But Elway's got to still be kicking himself for not saying yes to a sweetheart deal Broncos owner Pat Bowlen offered him in 1999 that would have made him worth nearly as much as Jay Z

ESPN's Darren Rovell has a fascinating examination of the deal Elway improbably said no to that would have in today's dollars made him worth at least $388 million.

The deal: Denver Broncos owner Pat Bowlen would give Elway the right to buy 10 percent of the Broncos for $15 million. Bowlen would also give him the option to buy another 10 percent of the franchise by forgoing the deferred salary Bowlen owed him on the condition Elway would become a special assistant to Bowlen, which would eventually lead to a COO job. That total deferred salary? About $21 million.

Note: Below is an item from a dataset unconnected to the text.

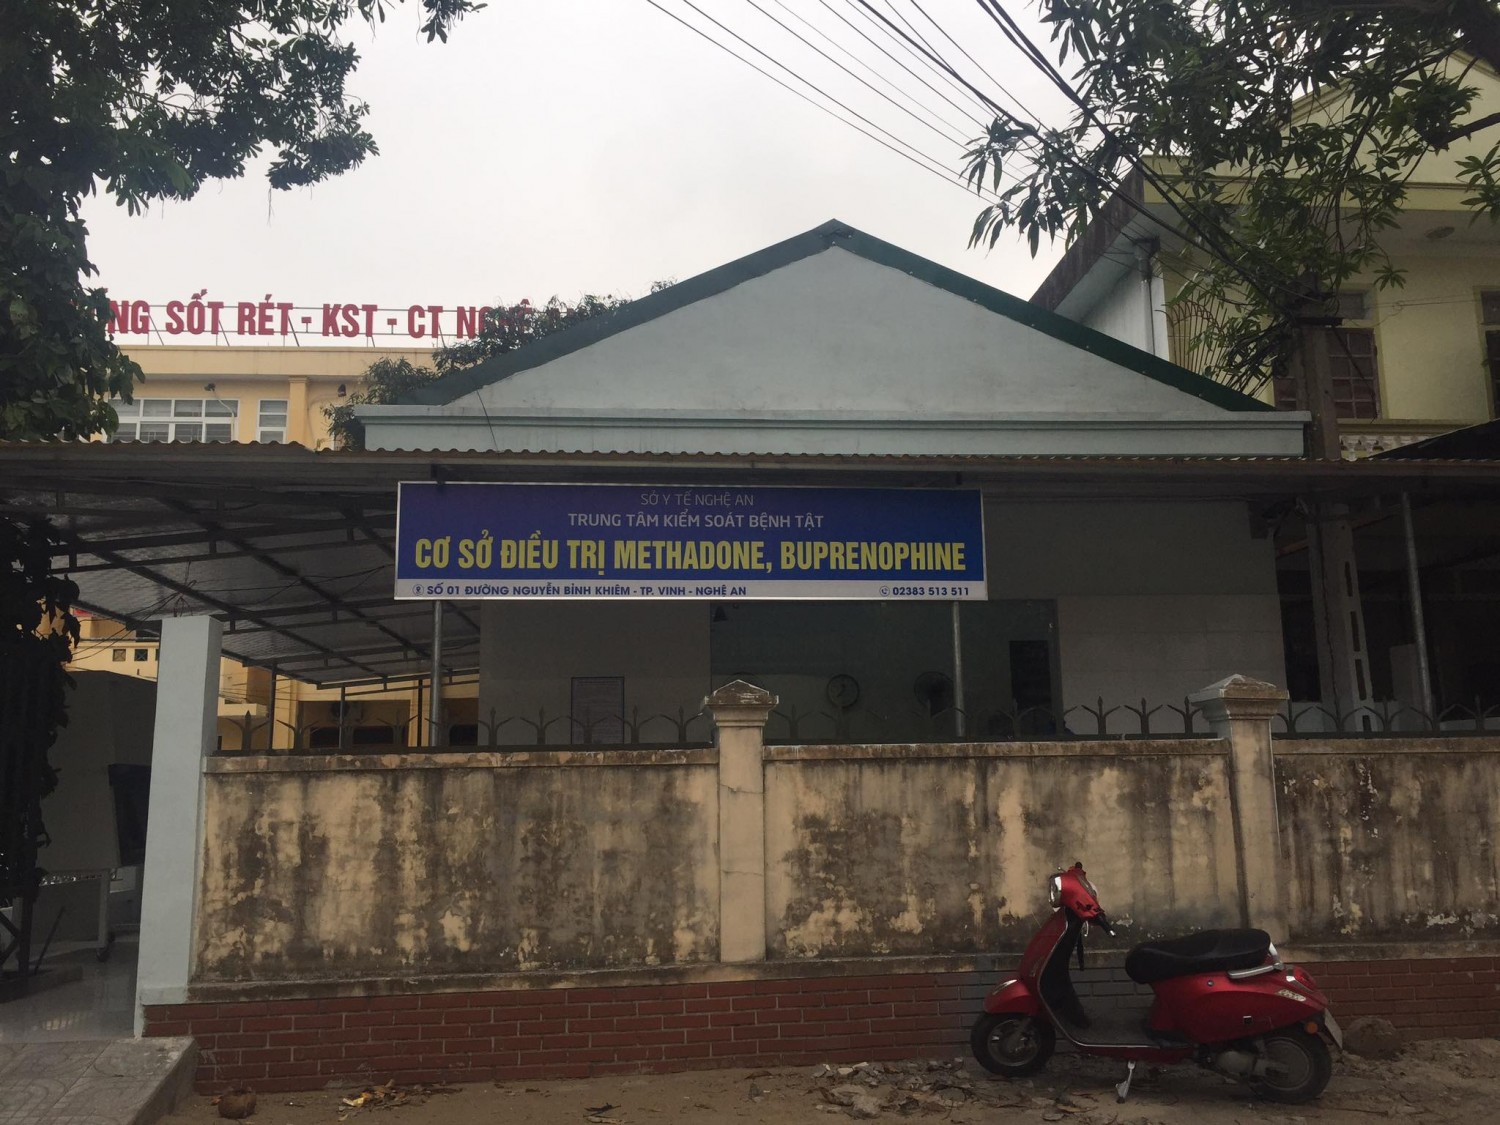 Cở sở điều trị Methadone Trung tâm kiểm soát bệnh tật tỉnh Nghệ An

The deal was even sweeter than that. It had provisions that allowed Elway to sell his shares of the team if he wasn't satisfied after a few years for at least $5 million more than the original purchase price and he would have "right of first refusal to buy any other stake in the team if the Bowlen family sold to an outsider. NFL teams don't come up for sale often."

Sixteen and a half years later, as the Broncos are back in the Super Bowl, Elway is a paid employee of the team with no stake in the franchise. The 20 percent stake he passed on, based on a Forbes 2015 valuation of the team at $1.94 billion, is now worth $388 million, which would have been a 646 percent return on the 1998 investment, adjusted for inflation, had he made it.

According to Rovell, Elway's business acumen doesn't quite compare with his legendary quarterbacking skills. While there are examples of Elway hitting it big in business, like how he sold his car dealership for $82.5 million in 1997, Rovell outlined multiple times Elway lost big bucks. 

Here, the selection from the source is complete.